Казахстан перешел к президентско-парламентской модели, в Туркменистане лидер государства выдвинул в президентское кресло своего сына, который не просто будет набирать необходимый опыт, но и усиливать генеральную линию Г. Бердымухамедова с гарантией на годы. Узбекистан в конце апреля окончательно зафиксировал «суперпрезидентскую» модель с весьма широким набором социальных и либеральных (в классическом, а не современном понимании) обязательств.

Уже на июль прошлого года Ташкент собрал основные поправки, которых в итоге насчитывалось двести семьдесят, и вполне возможно, что реформа прошла бы официально несколько раньше нынешнего апреля, но против активно выступили элиты Каракалпакстана, где отрицательно были восприняты предложения, затрагивающие статус этой «республики в республике» («Узбекистан. Новая конституция и протесты»).

В итоге нормы перетекли в новом варианте в ст. 85–90, где осталось право выхода по результатам референдума, а также критерии, по которым Каракалпакстан самостоятельно определяет свое административно-территориальное деление. Менять там ничего не стали и просто вынесли вопрос субреспубликанского статуса из обсуждения, перенеся вопросы взаимодействия во властной вертикали в другие разделы.

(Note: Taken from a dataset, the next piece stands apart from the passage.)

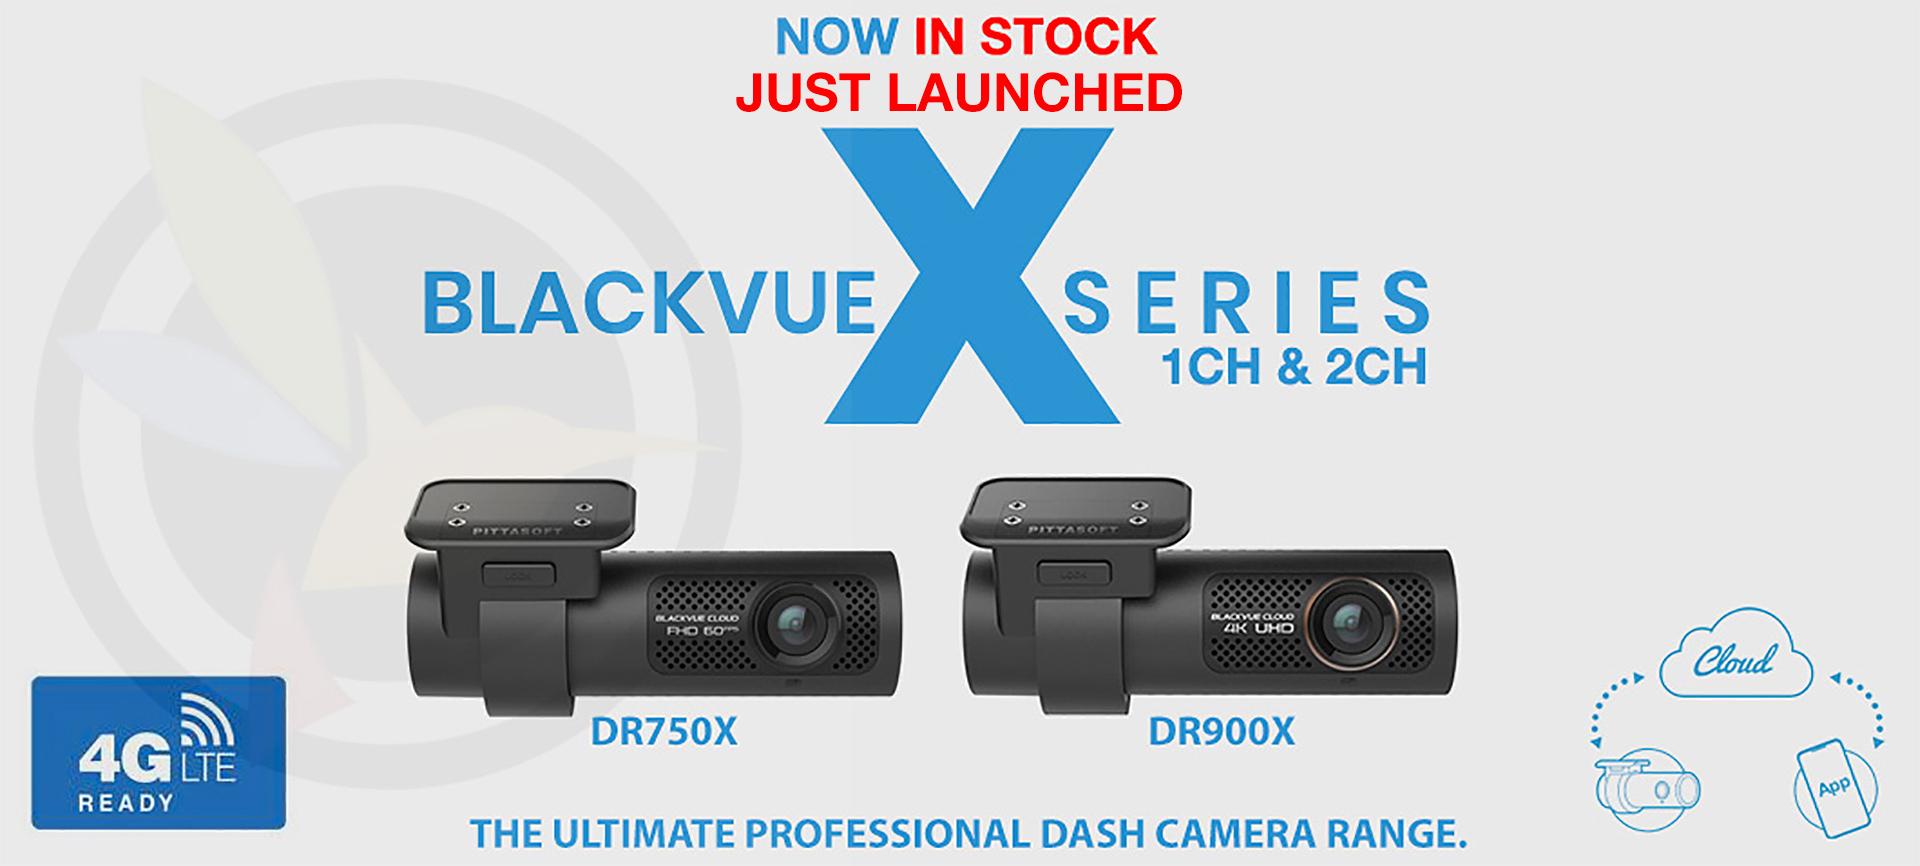 Blackvue New X Series Dash Camera Range

О том, что вносимые изменения рассматриваются Ташкентом как чрезвычайно важный акт, говорят и те временные послабления миграционного режима, которые у нас по просьбе соседа ввели на время подготовки и проведения референдума.

Изменения в политической модели
И здесь надо попробовать разобраться, какие изменения в политической модели являются существенными, ведь при всем богатстве поправок возникает ощущение, что за фоном либеральных норм именно структура управления трансформировалась слабо. Понимание этого даст возможность определить реальные цели и задачи, которые ставит перед собой наш сосед.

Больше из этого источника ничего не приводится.